I have a new client that is a hard position with their previous IT management company. The previous company is refusing to release any administrative usernames or passwords for any computer. This is only a problem for one, the PDC which is also a database server for their POS system. This is a crappy situation to be in.
I'm a linux guy by trade so I'm not super familiar with Windows environments. I know that I can image the disks and then load it into new hardware, I know I can boot from the "Offline Windows Password & Regitry Editor" boot cd and rewrite the admin password. However, what I don't know is if that admin account is only for the local machine or if it's for the domain as well.
I setup a test Windows Server 2008 R2 PDC at the office and proceeded to rewrite the password using the disk mentioned above. However, upon rebooting I still could not login to the local computer. The windows server wanted me to login as DOMAIN/Administrator and I only over wrote the password for LOCAL/Administrator. So I'm somewhat at loss on how to gain access to the system. How can I overwrite the password for the DOMAIN/Administrator account? Or the best question is, given complete physical access how does one gain access to a Windows Server Primary Domain Controller?
I'll start by expressing my agreement with other posters who are cautioning you that you may be causing more harm than good tinkering with low level stuff like this outside your area of expertise. You can really mess things up if you're not careful and change a server that's working into a smoking pile of wreckage. Proceed only with caution.
Your offline password reset has reset the password for the local "Administrator" account. This account is only used for a Directory Services Restore Mode as Shane Madden points out. You should be able to press F8 during boot, select Directory Services Restore Mode, and logon with "Administrator" and the password you set.

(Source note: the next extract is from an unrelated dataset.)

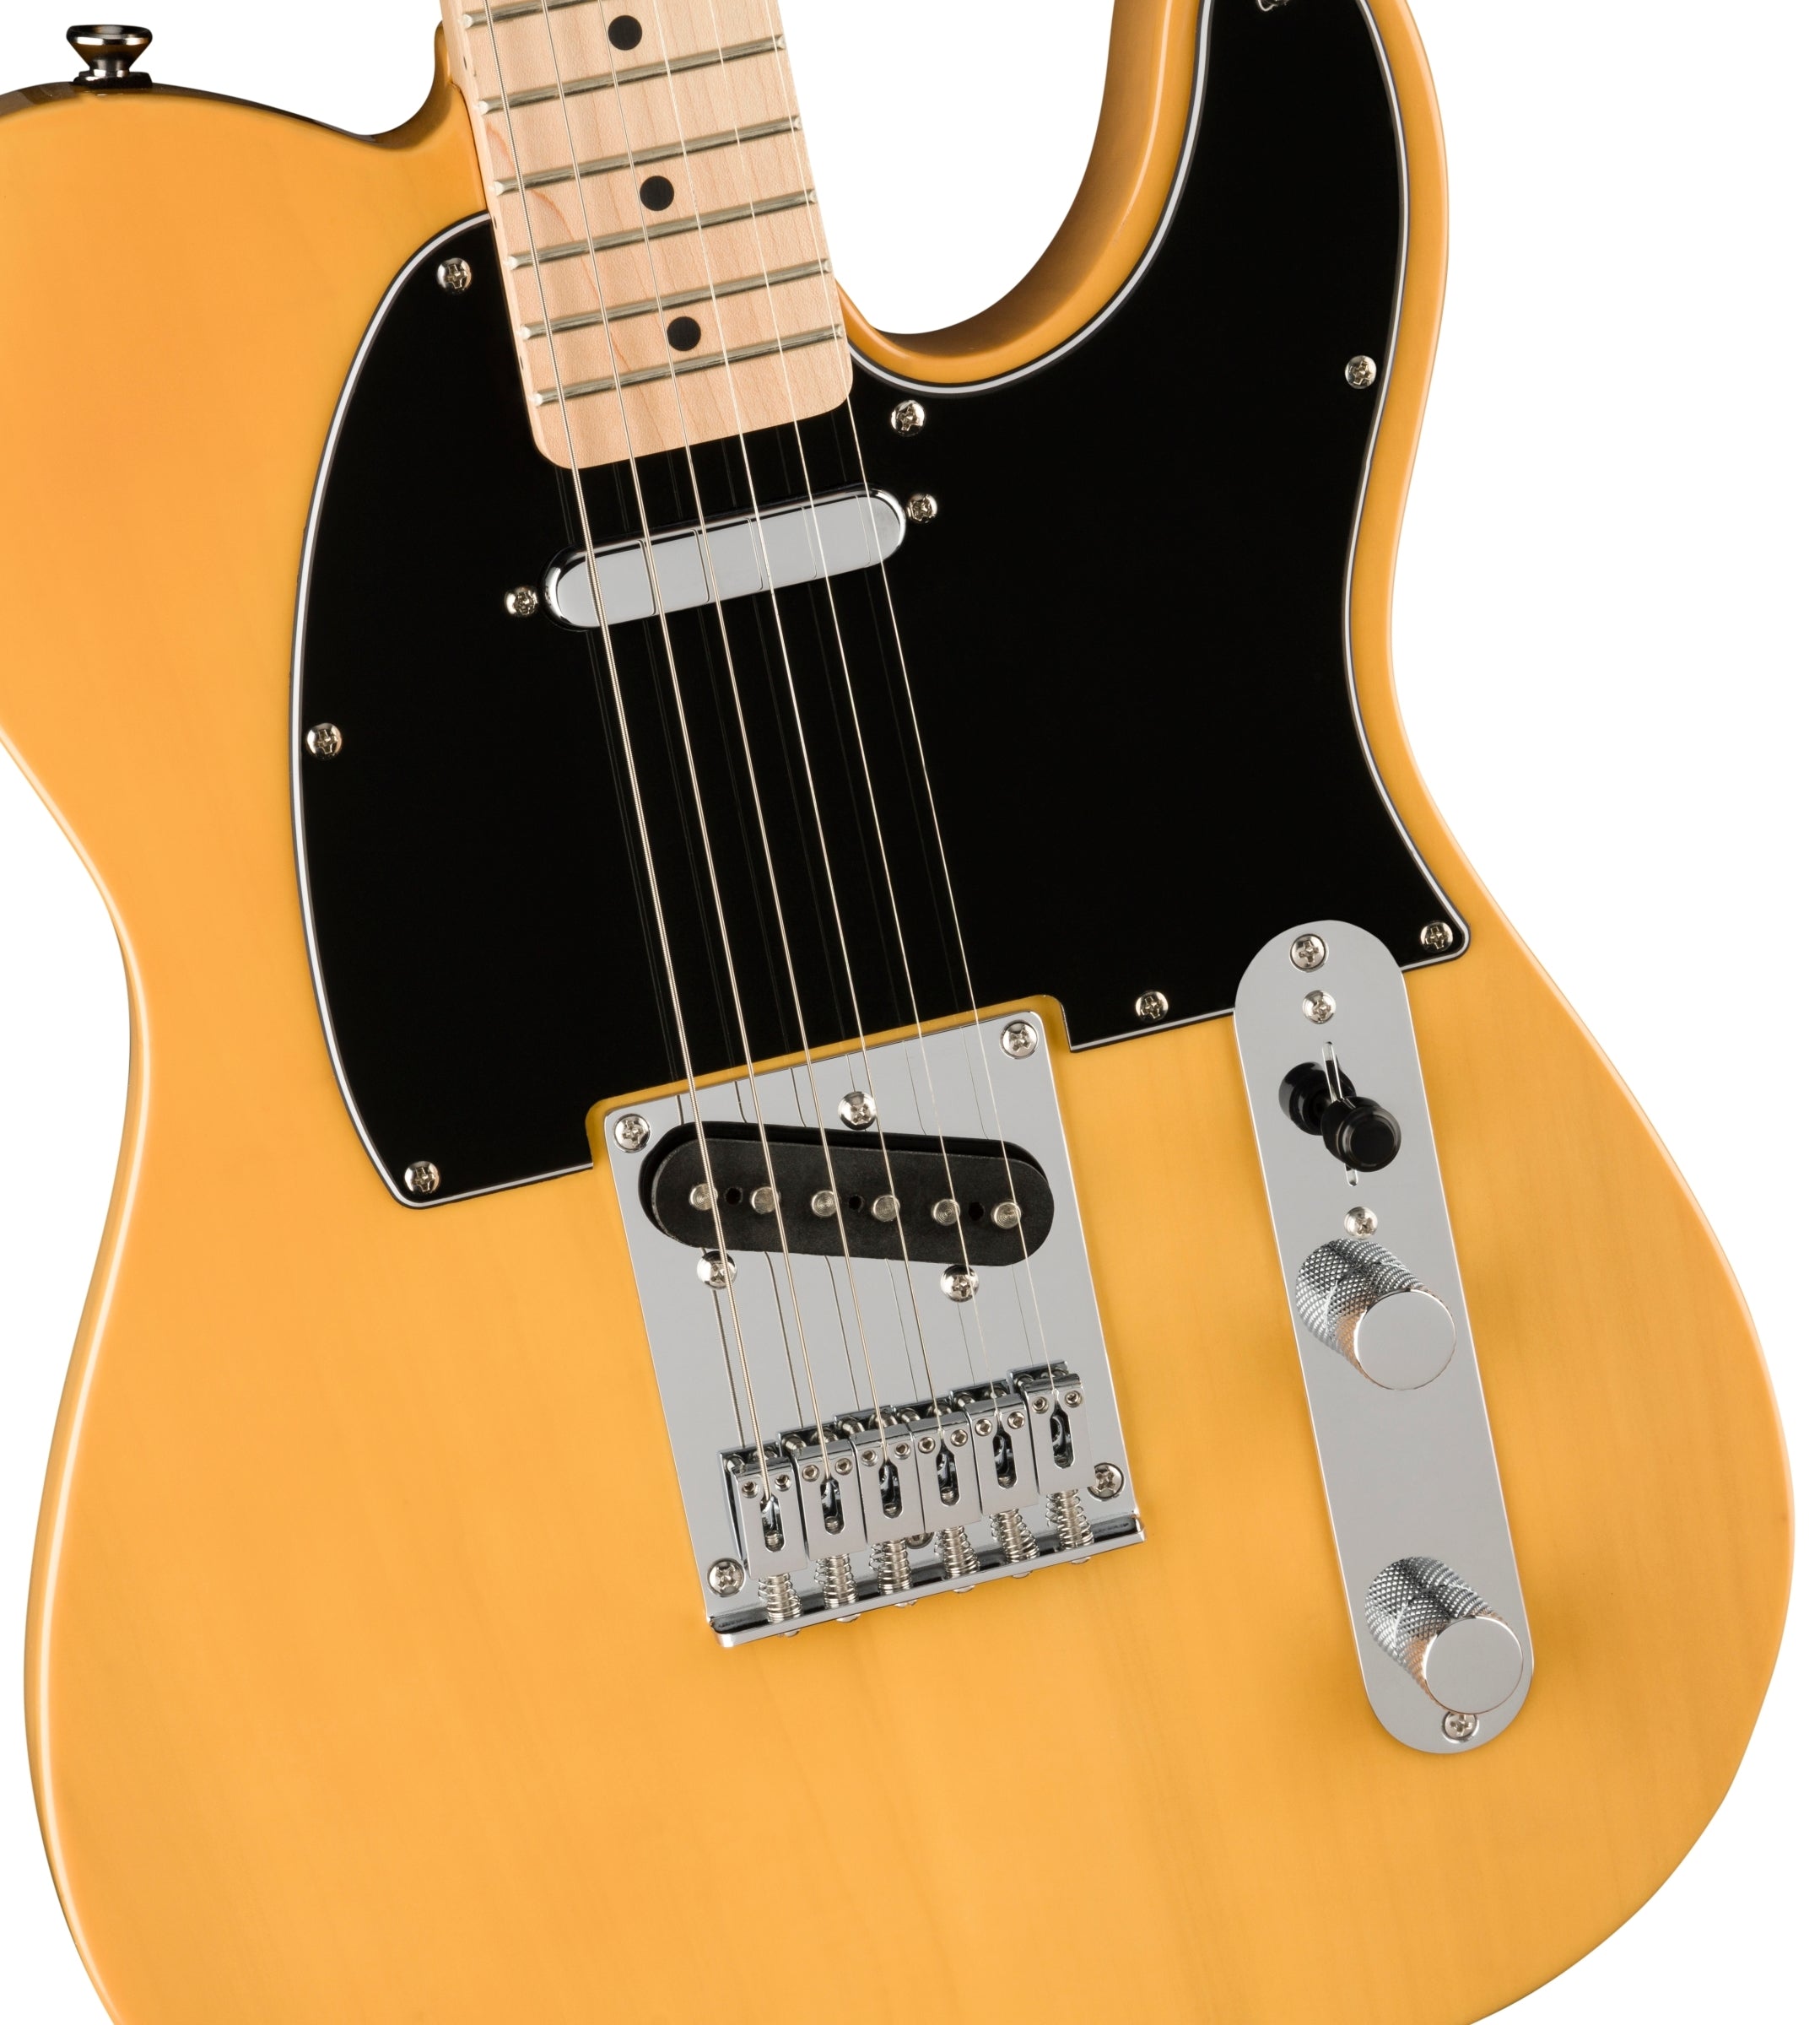 Consigue en miche tiendas una gran variedad de guitarras Fender que te brindan un diseño legendario y un tono por excelencia para el aspirante a héroe de la guitarra de hoy.

Once you're logged in you can use a trick to change the domain Administrator account on the next boot. Open an elevated command prompt and execute the following:
sc create resetpw binPath= "C:\WINDOWS\system32\net user administrator p@ssw0rd" start= auto
(Be sure to get all the spaces after each of the equals signs.)Reboot the machine in normal mode. This "service" you created will execute and reset the "Administrator" password to, in this case, "p@ssw0rd" (w/o quotes). It's sensible to use a "strong" passwork like that one rather than, say, "password" because there may be a domain password policy that prevents you from resetting the password to a "weak" password.
You should be able to logon with the domain Administrator credential after you boot. You can remove your "service" by executing
sc delete resetpw
from an elevated command prompt.(I don't have a scratch W2K8 domain controller sitting around right now and I'll freely admit that I haven't tested what I'm describing above on W2K8. It works on W2K3 and I strongly suspect it'll work fine on W2K8, too.)

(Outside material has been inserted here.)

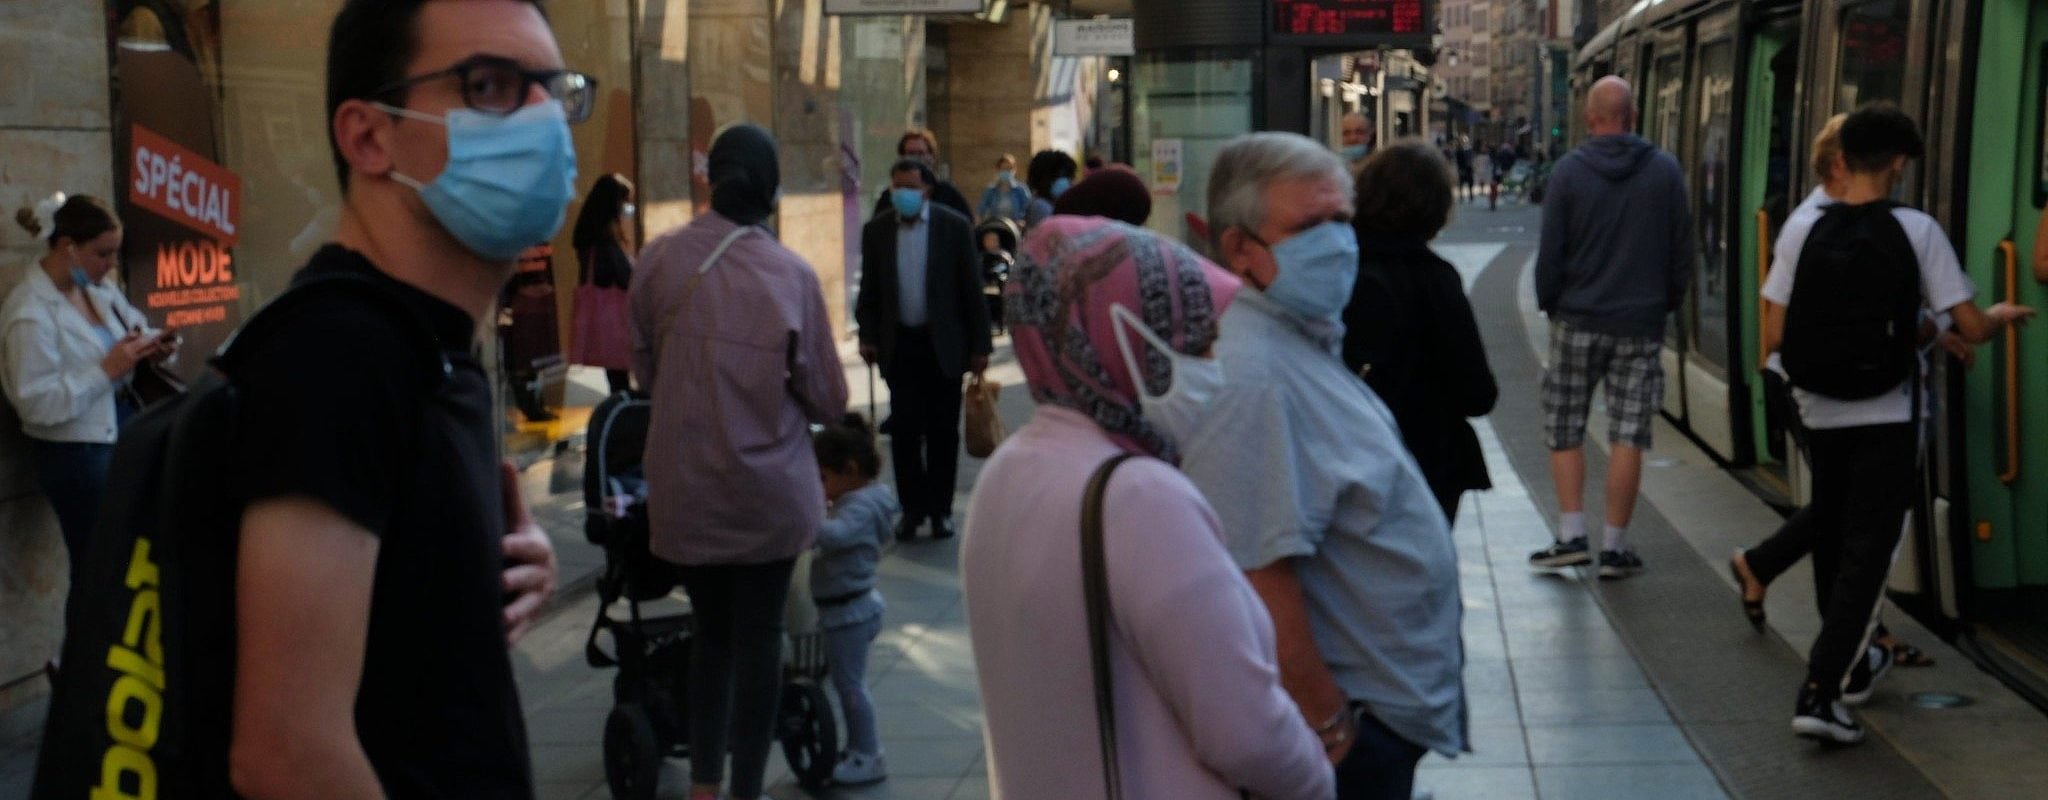 La préfecture prolonge le port du masque obligatoire en extérieur dans les « zones d’affluence »

Well, first off: sounds like your client needs to get the lawyers involved.
On the technical side of things: Windows domain controllers do not have local users after being made into domain controllers. So, there's no way to log in as a local user whatsoever, with one exception: Directory Services Restore Mode.
If you press F8 during boot (right as Windows gets started), domain controllers have a special option for Directory Services Restore Mode. When booted into that mode, one "local" account is accessible:
Administrator
. This is the DSRM account that is set when the domain controller is originally promoted, but should have been reset by your password change on the local database.This should get you into the system - reset the domain
Administrator
account, and then reboot back into normal mode.Refer the client to someone who actually knows the technology that they need help with? If were an electrician, and had a client that needed a plumber, I wouldn't be buying pipe wrenches and Time-Life DIY books on my way to their site.
Not to sound harsh, but from the way you phrased the question (calling it a PDC, not knowing that a DC no longer has local accounts at all), you're out of your depth and will be doing a dis-service to your client.